» **GIVEN DATA**
──────────

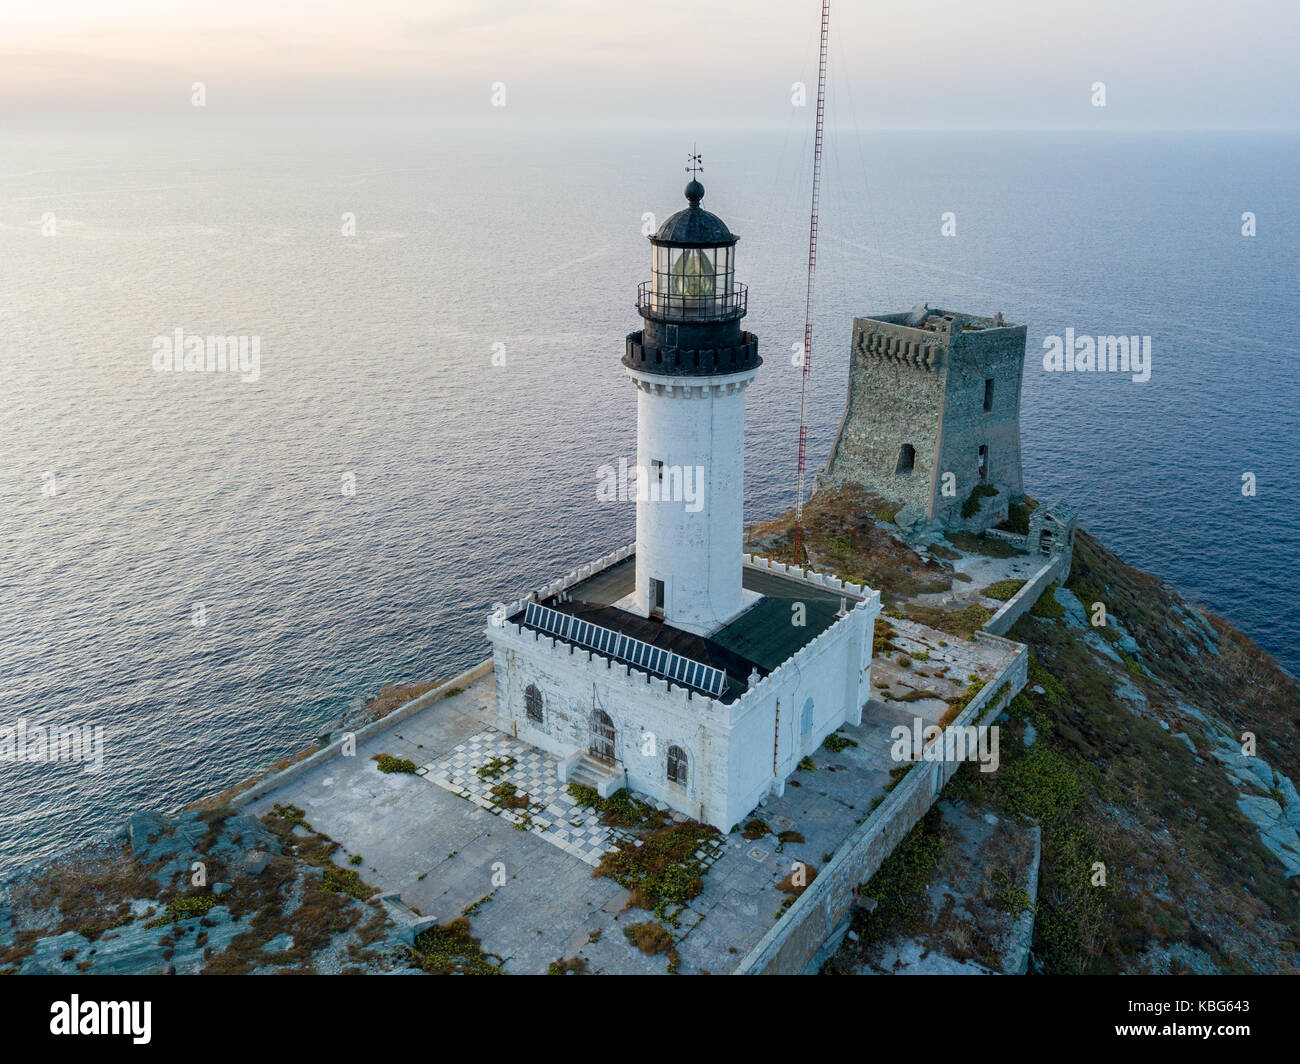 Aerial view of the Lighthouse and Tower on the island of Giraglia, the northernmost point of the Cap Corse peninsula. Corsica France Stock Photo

──────────

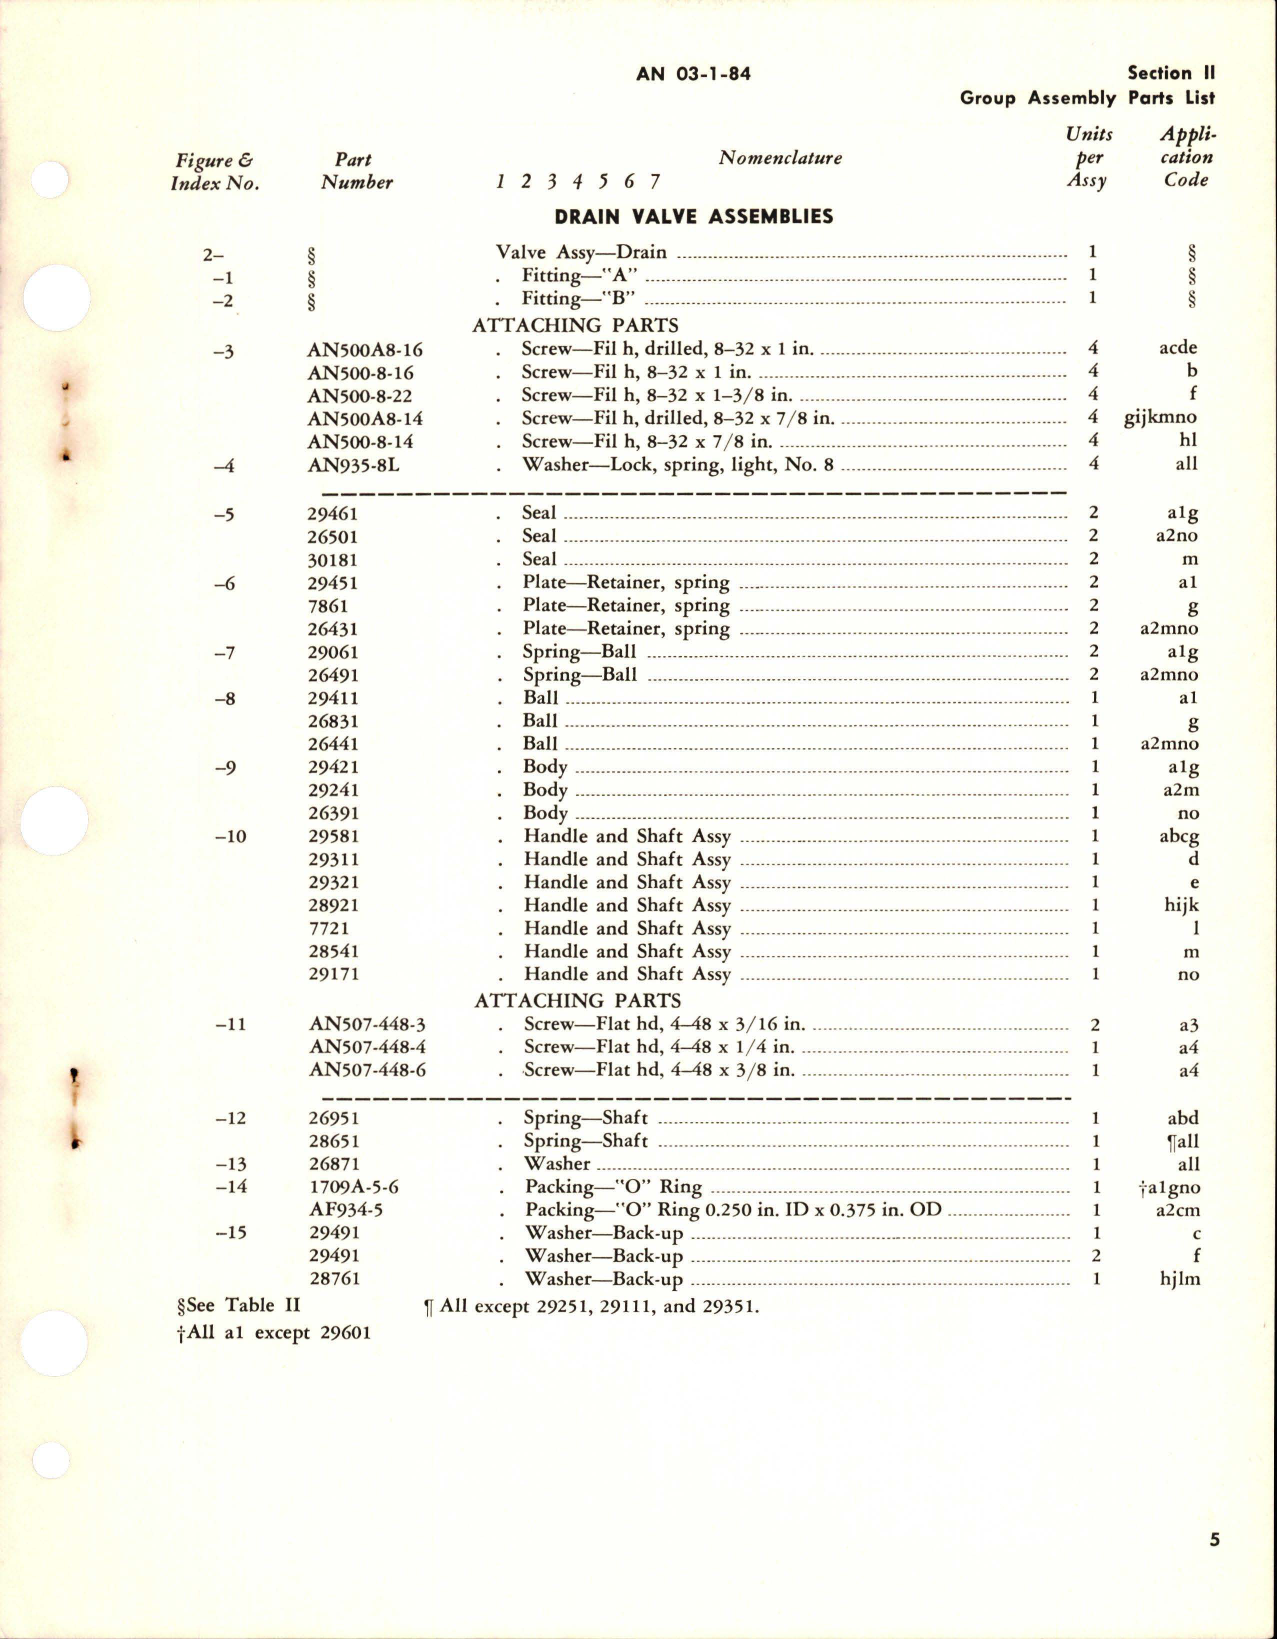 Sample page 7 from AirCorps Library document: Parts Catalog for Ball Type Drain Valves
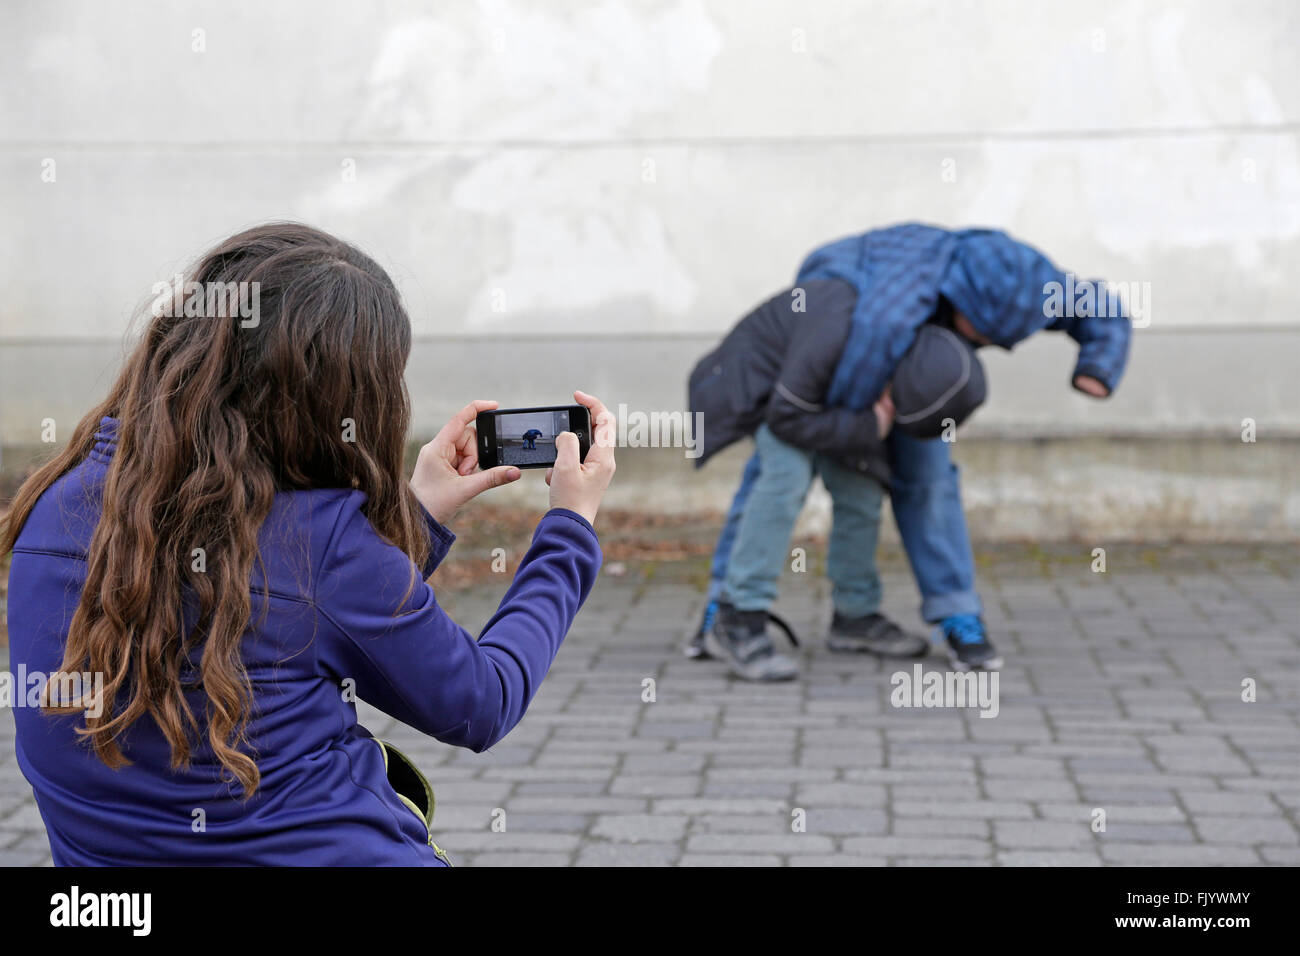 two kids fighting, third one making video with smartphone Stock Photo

──────────

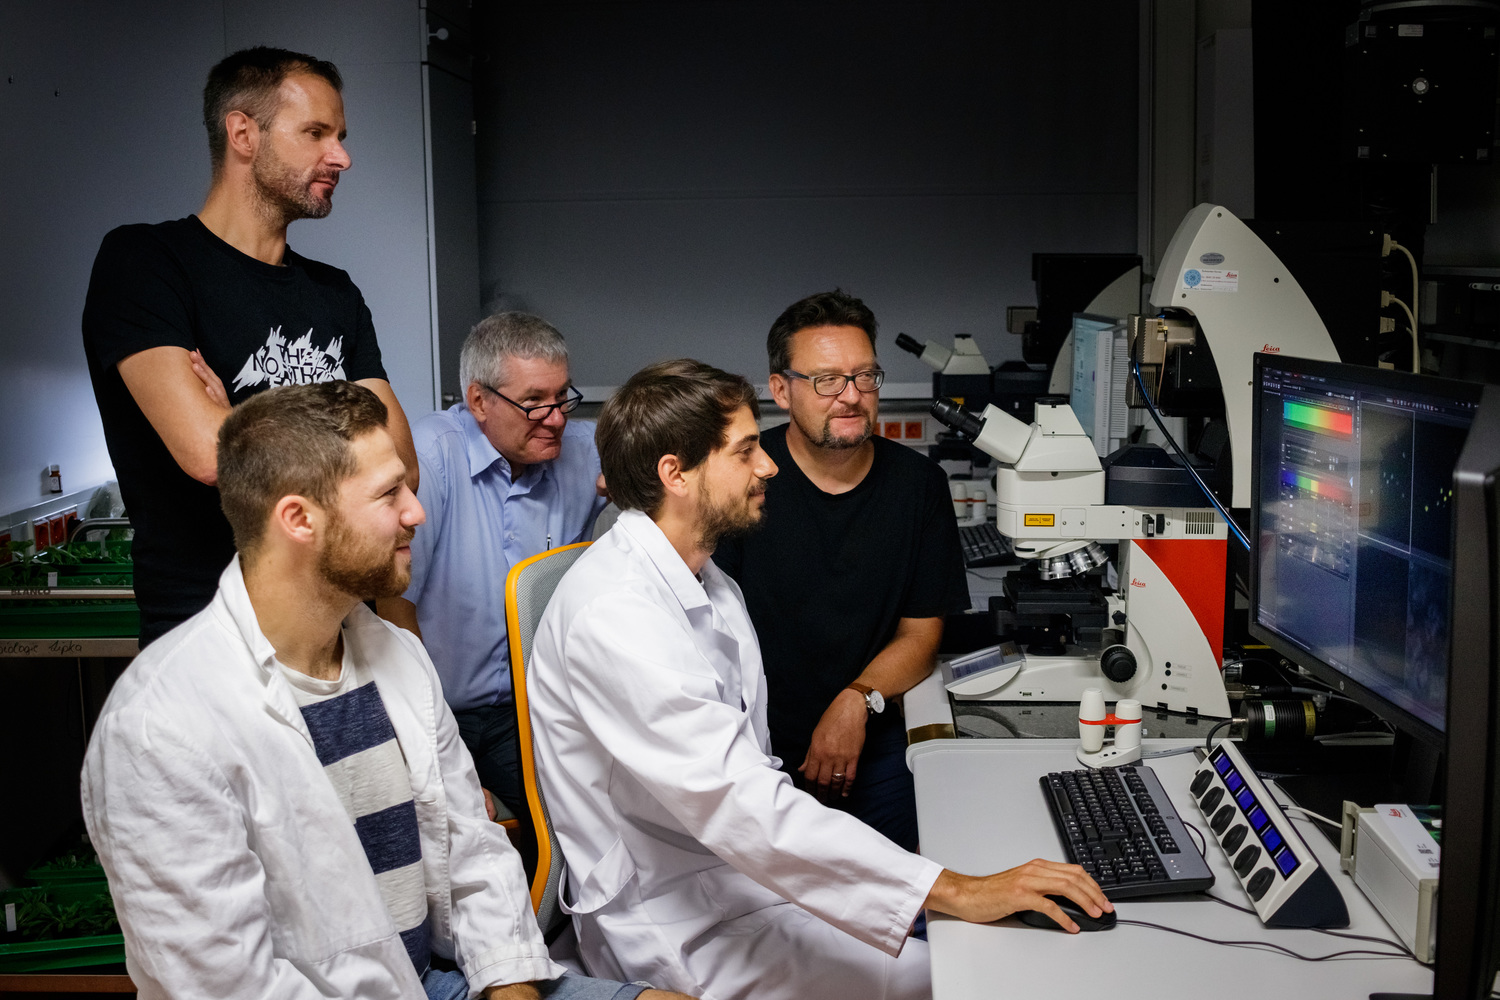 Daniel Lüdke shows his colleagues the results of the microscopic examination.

──────────

From the records above, copy exactly the stretch from the line holding "Sample page 7" through the line holding "two kids fighting, third", both ends included, without the pictures.

 Sample page 7 from AirCorps Library document: Parts Catalog for Ball Type Drain Valves
 two kids fighting, third one making video with smartphone Stock Photo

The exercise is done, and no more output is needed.